Dalam bukunya creswell (2007) menjelaskan penelitian kualitatif yang dimana merupakan
metode-metode untuk mengeksplorasi dan memahami makna yang oleh sejumlah individu atau
sekelompok orang dianggap berasal dari msalah social atau kemanusiaan. Proses peneitian kualitatif
ini melibatkan upaya-upaya penting, seperti mengajukan pertanyaan pertanyaan dan prosedur-
prosedur pengumpulan data yang spesifik dari para partisipan, menganalisis secara induktif mulai dari
tema tema yang kusus ke tema tema yang umum, dan menafsirkan makna data. Laporan akhir
untuk penelitan ini memiliki struktur atau kerangka yang fleksibel. Siapapun yang terlibat dalam
bentuk penelitian ini harus menerapkan cara pandang penelitian yang bergaya induktif, berfokus
terhadap makna individual, dan menerjemahkan kompleksitas suatu persoalan.
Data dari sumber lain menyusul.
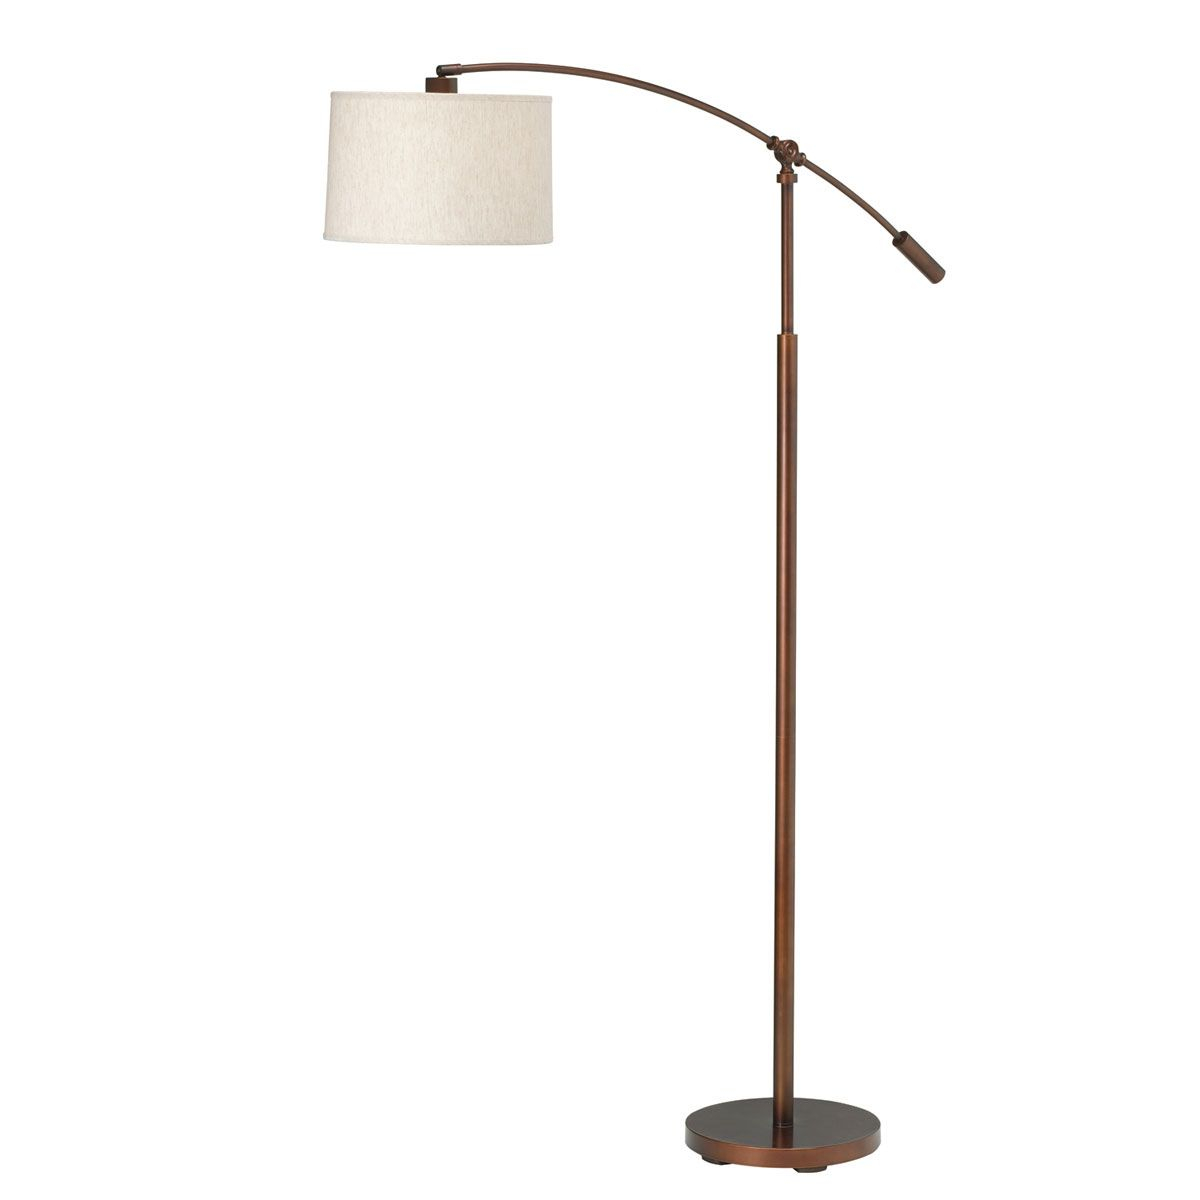 Kichler Westwood Collections 74256 Floor Lamp Bronze Floor intended for proportions 1200 X 1200

Ada dua titik tekan dalam defenisi yang telah dijelaskan yaitu bahwa suatu pendekatan
penelitian selalu melibatkan asumsi-asumsi filosofis dan metode-metode atau prosedur yang berbeda.
Rancangan peelitian melibatkan relasi antara asumsi asumsi filosofis, strategi-strategi penlitia dan
metode tertentu. Kerangka kerja yang diunakan untuk menjelaskan pertemua antara tiga komponen,
yaitu: (1) asumsi asumsi pendangan dunia (wordview) filosofis yang mereka bawa ke dalam
penelitiannya, (2) strategi penelitian yang berhubungan dengan asumsi-asumsi tersebut, (3) metode-
metode atau prosedur spesifik yang dapat meerjemahkan strategi tersebut ke dalam praktek nyata.